Respiratory Syncytial virus / Human metapneumovirus (RSV/HMPV) pose a significant health burden as a major cause of lower respiratory tract infection and hospitalization of infants, young children, the elderly and immunecompromised. Discovered in 2001, HMPV is closely related to RSV as both are in the Pneumoviridae family. In the U.S., HMPV circulates in distinct annual seasons beginning in winter and lasting through spring. HMPV, RSV, and influenza can circulate simultaneously during the respiratory virus season. Recently, the FDA approved RSV vaccines and anti-RSV mAbs to prevent RSV infection in children and adults; however, none of these have been shown to be effective against both RSV and HMPV. IDBiologics is developing a single human mAb (RSV-199) that cross-neutralizes both RSV and HMPV strains. RSV-199 offers enhanced protection against RSV A and B strains and HMPV in cotton rats, which highlight the mechanisms of broad neutralization and therapeutic potential of RSV-199. 

Zika virus (ZIKV) is endemic to Africa and Southeast Asia, and circulating today in Mexico, Central and Latin America and in 2015-2016 ZIKV spread to the Americas. ZIKV is transmitted by mosquitos and can be spread between humans by sexual transmission from infected partners. ZIKV infection during pregnancy can infect the developing fetus leading to Congenital Zika Syndrome (CZS), which can have devastating developmental consequences for the fetus. Current ZIKA prevention measures largely focus on reduction of mosquito bites and vector control, reduction of sexual transmission, or avoidance of areas with circulating ZIKV during pregnancy or when at risk for pregnancy. IDB002 is an ultra-potent neutralizing mAb that IDBiologics is developing as “off-the-shelf” Pre-Exposure Prophylaxis (PrEP) against ZIKV infection.
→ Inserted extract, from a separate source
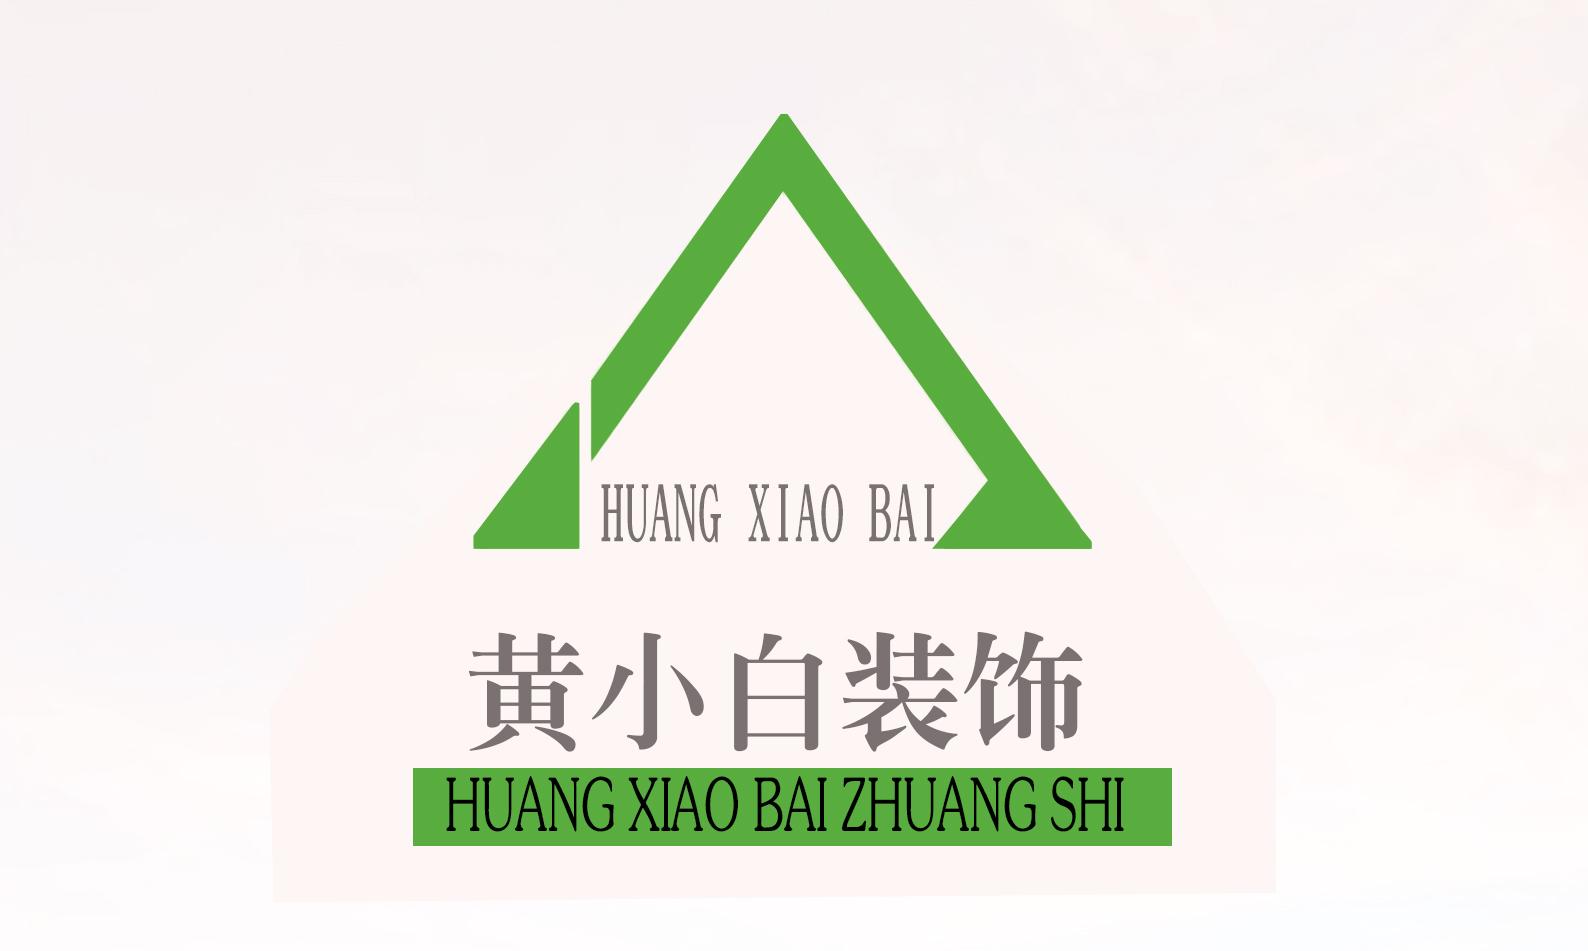 佛山市黄小白装饰设计工程有限公司logo

Rift Valley Fever virus (RVFV) is an emerging arbovirus and zoonotic threat to human and animal health with pandemic potential because of the global presence of its vectors and hosts. RVFV causes ongoing infections in Africa, with occasional increases in incidence related to the propagation of mosquitos. Outbreak episodes are characterized by mass livestock die-off events, particularly in young animals and abortions in pregnant females. Spill over events to humans occur by infected mosquito exposures or contact with the blood and/or organs of infected animals. Human-to-human transmission of RVFV has not been documented, but concern is growing that RVFV can be transmitted from mother to fetus in utero. In humans, disease presentation ranges from a mild influenza-like illness to more severe illness including encephalitis, fatal hemorrhaging, or ocular involvement resulting in permanent visual impairment. IDBiologics has two human monoclonal antibodies (mAbs) that directly inhibit RVFV replication, do not bind to the same critical residues, and demonstrate ultra-high potency in in vitro assays and in vivo studies. These mAbs have been engineered to have an extended half-life and are being developed for combination use for the treatment and prevention of RVFV in humans.
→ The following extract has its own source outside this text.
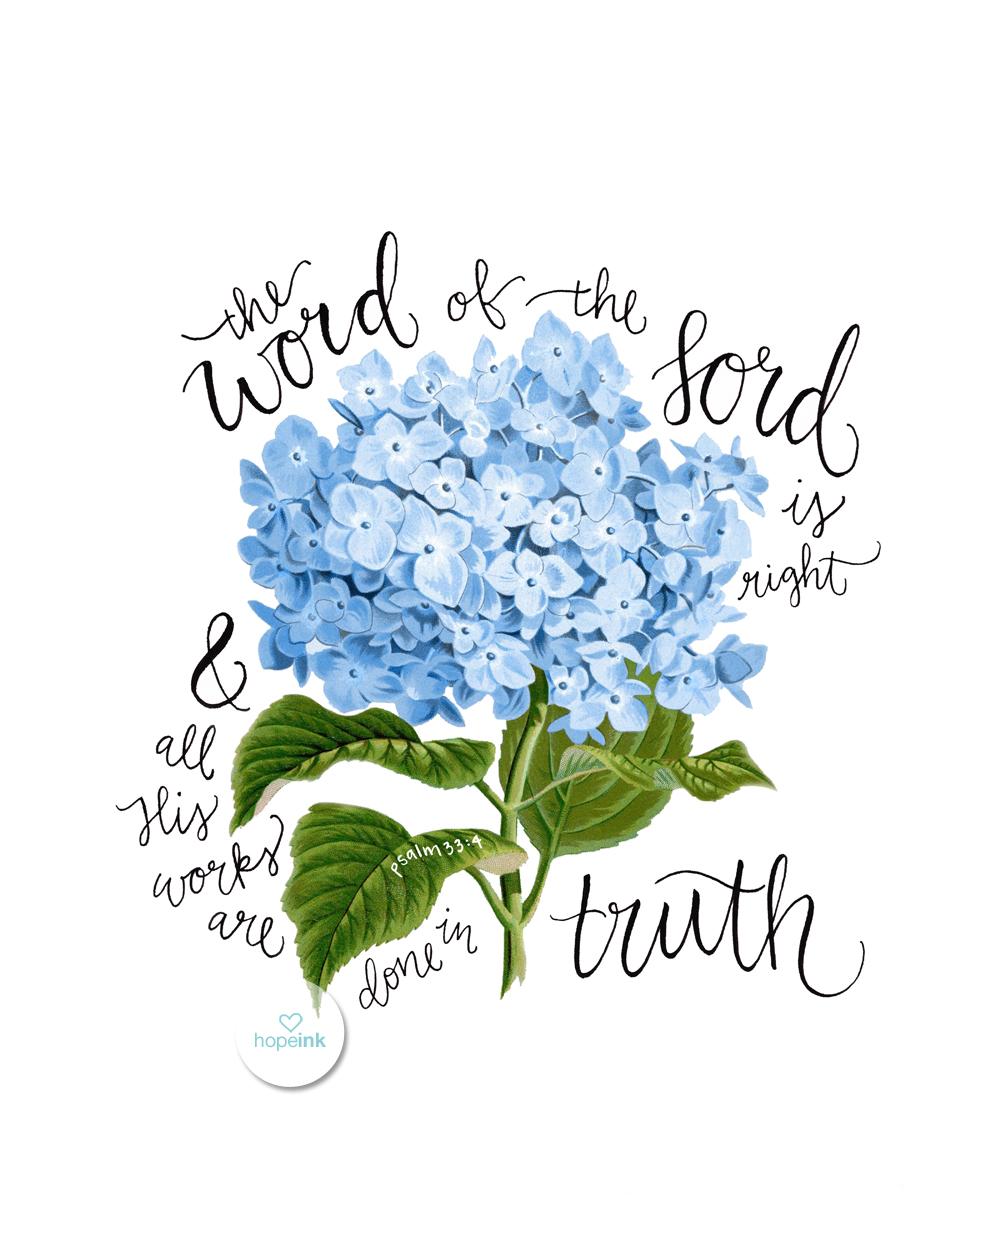 Scripture Art Hydrangeas Hope Ink.jpg

Enterovirus D68 (EV-D68) is one of more than 100 non-polio enteroviruses. EV-D68 (which was first identified in California in 1962) typically causes respiratory illness ranging from mild (cold-like symptoms) to more severe. Infected individuals can spread EV-D68 via coughing, sneezing or by touch contact. Children (infants to teenagers) are at most risk for infection and becoming ill since they may not have had previous exposures to these viruses. Adults can become infected with enteroviruses but are more likely to be asymptomatic or have only mild symptoms. There are no vaccines nor any treatments for EV-68 infection.